Two things occurred to me tonight that made me wonder just how underdeveloped my frontal lobe was as a teenager, or whether I was in possession of one at all.
Memory #1
When I was a teenager, maybe 14, my very smart but reckless brother, Steve, and I were supposed to be at a teen church group meeting. It’s the only reason that Dad would let Steve take the car.
Instead, because of the rebels that we were, we decided to go for a joyride. So, we took off over the St. Johns bridge that crossed the Willamette river. I think Steve had the bright idea to go to visit his girlfriend, Kathy, who hadn’t shown up for the group meeting, either.

At the South end of the bridge, one must make a sharp right turn or a sharp left turn or opt to run headlong into the rock mountain at the end of the bridge.
As we approached the intersection, Steve asked casually, “which direction should I go, left or right?” I didn’t answer quick enough so Steve stupidly ran head long into the mountain, totaling Dad’s car. (This was just the first of many car accidents Steve would have.)
Steve at least had the sense to throw himself across the seat but it didn’t hinder me from sliding down onto the floor. It did stop me, however, from crashing through the windshield or cracking my face on the dashboard. I’m sure that we were speeding since Steve had a tendency to speed and a predilection for danger.
He broke the rear view mirror with his body but he saved me from certain death or at least serious injury. We came to a sudden halt with a loud crash.
Steve hadn’t even applied the brakes. He pulled himself into a seated position and I pushed myself up off the floor. I noticed first of all that my pantyhose were destroyed. My reaction was not concern for our well being or for the car or for whether Dad would kill both of us or not, instead I exclaimed, “O, my God, my nylons”.

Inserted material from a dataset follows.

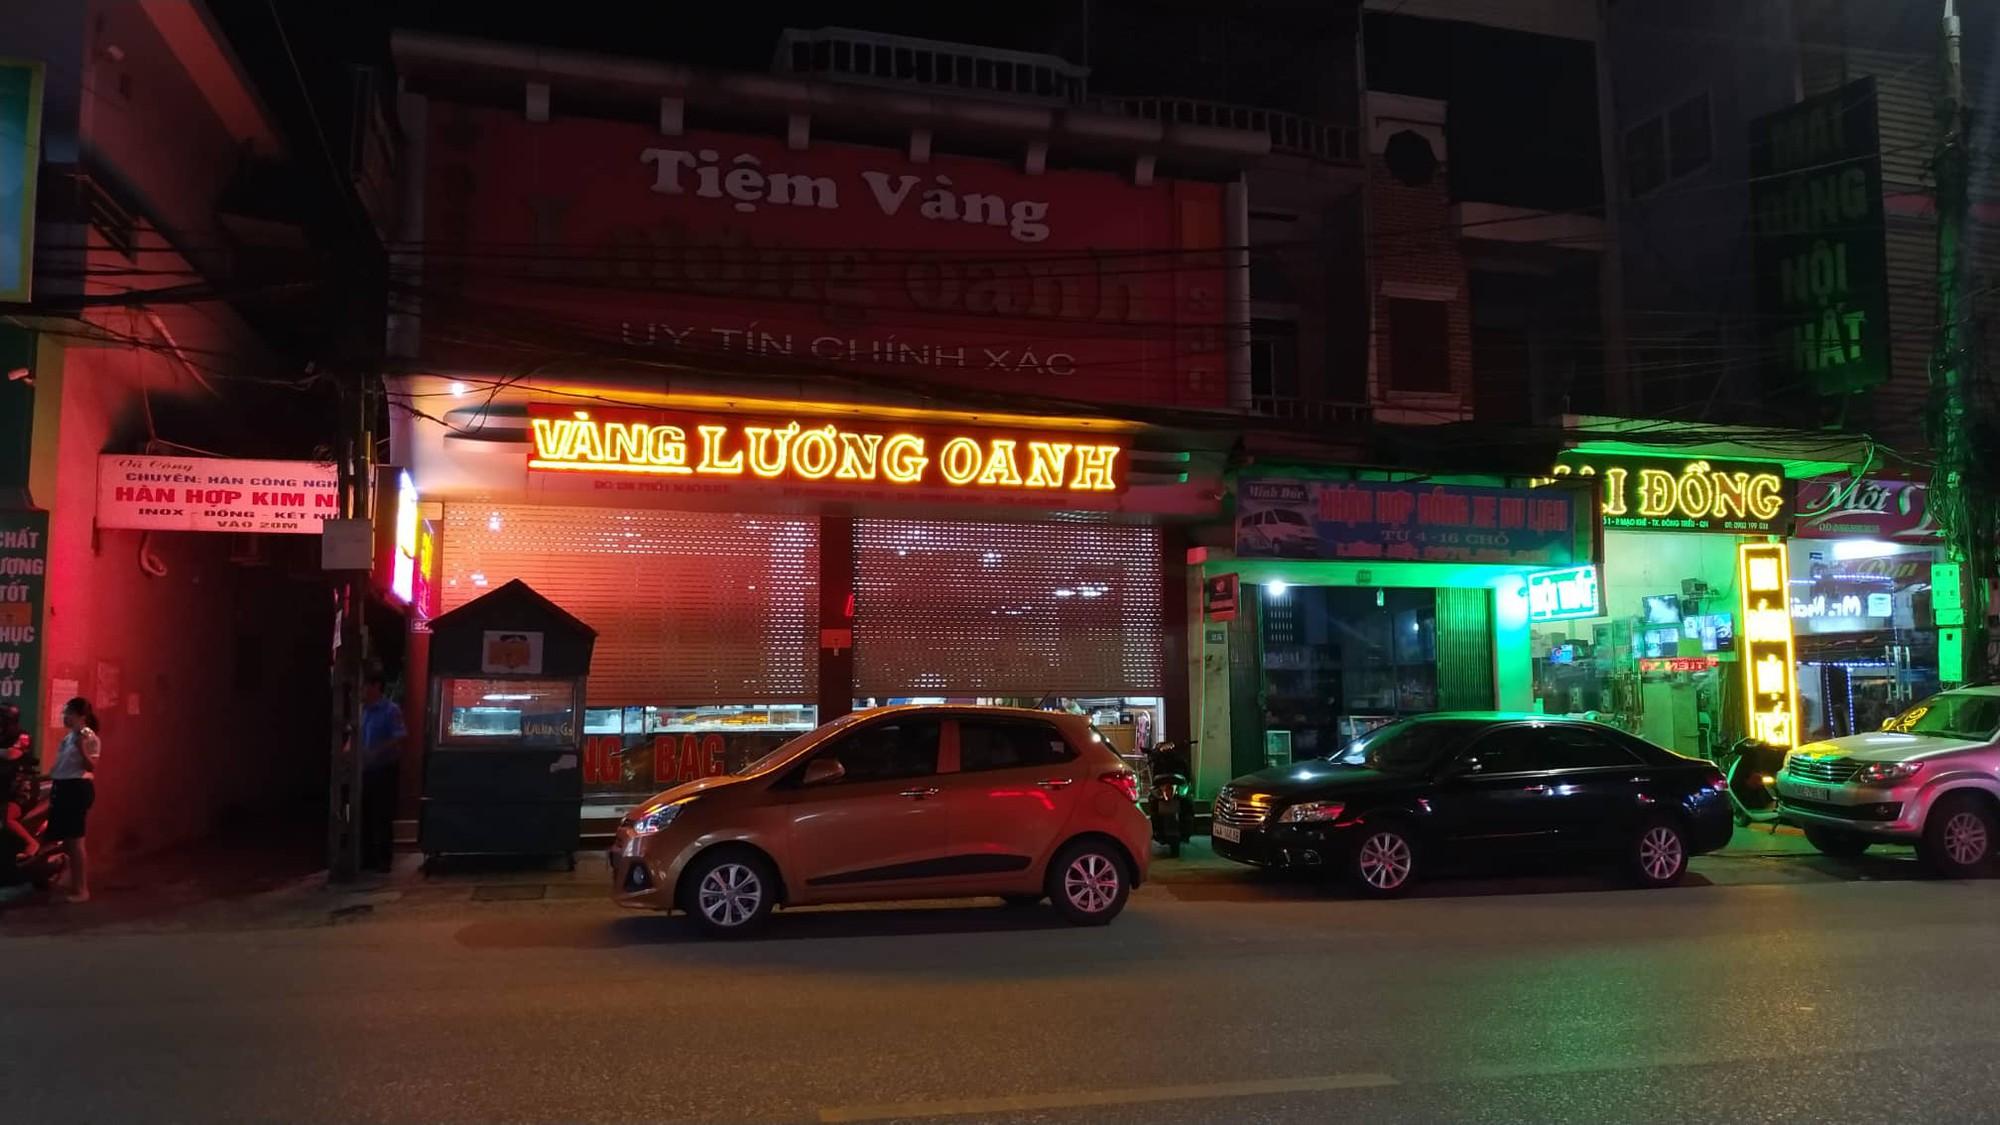 Tiết lộ quá khứ bất hảo của nghi phạm nổ súng cướp tiệm vàng ở Quảng Ninh - Ảnh 2.

We’re alive to tell the story, which means that when the police brought us home, Dad slumped down in the doorway and cried… instead of killing us.
Memory #2
As many of you know who follow my blog, I contracted polio when I was 5 years old. Fortunately, I was only permanently affected when the deltoid in my right shoulder atrophied. As time went on, complications arose because of this and I had to have surgery to fuse the humerus (the upper arm bone) to the scapula (shoulder blade). This was long before joint replacements, so my orthopedic surgeon, Dr. Marxer, attached the two bones with what can only be described as a big deck bolt.
By this time I was in high school and was a growing young girl. After the surgery, I was in a cast that covered my torso, my arm, my shoulder and held my right arm out in front of me and a little to the side at a right angle. Needless to say, it weighed a ton, at least it felt like it. It rested on my right hip and to this day I have an indentation where it rested. And worst of all, the cast covered my right breast but not my left breast.

Since I was developing, my biggest concern was whether my left breast would grow larger than my right breast with my right breast being stunted under pounds of cast plaster.
Since my physician put a large bolt in the joint to hold my arm in place and since there wasn’t a deltoid to hold it in, I was in extreme pain as it healed and as the bone grew over the bolt.
Eventually the cast came off. But it wasn’t long before the the new, delicate bone broke and I had to go in for a second surgery. This required another cast. As those who have had bone surgery can attest, bone surgery is extremely painful. But what was my main worry? Why yes. It was, once again, whether my right breast would be able to grow as freely as the left one.
I had to put aside my embarrassment and gather all my courage to ask my doctor if my worries had any validity. To my chagrin, he didn’t have an answer for me. Most likely he didn’t have many teenage girl patients who had one breast in a cast and one breast out.
Like with my worries about my nylons being ruined in the car wreck, there I was having serious bone surgery and I was more concerned with my boobs than the health of my shoulder.
As it turns out, my concern was not baseless. Indeed my left breast is larger than my right. I will never know if it is because my right pectoral muscles were not as strenuously exercised as my left or if my conjecture was accurate… the damned cast inhibited equal opprtunity for growth.
I am glad you and your brother were ok. I have a son who was into totalling off my cars when he was a teenager. Fortunately, he always walked away fine but my insurance went through the roof.
Those shoulder surgeries sounds painful. 😣 I hope that is all behind you.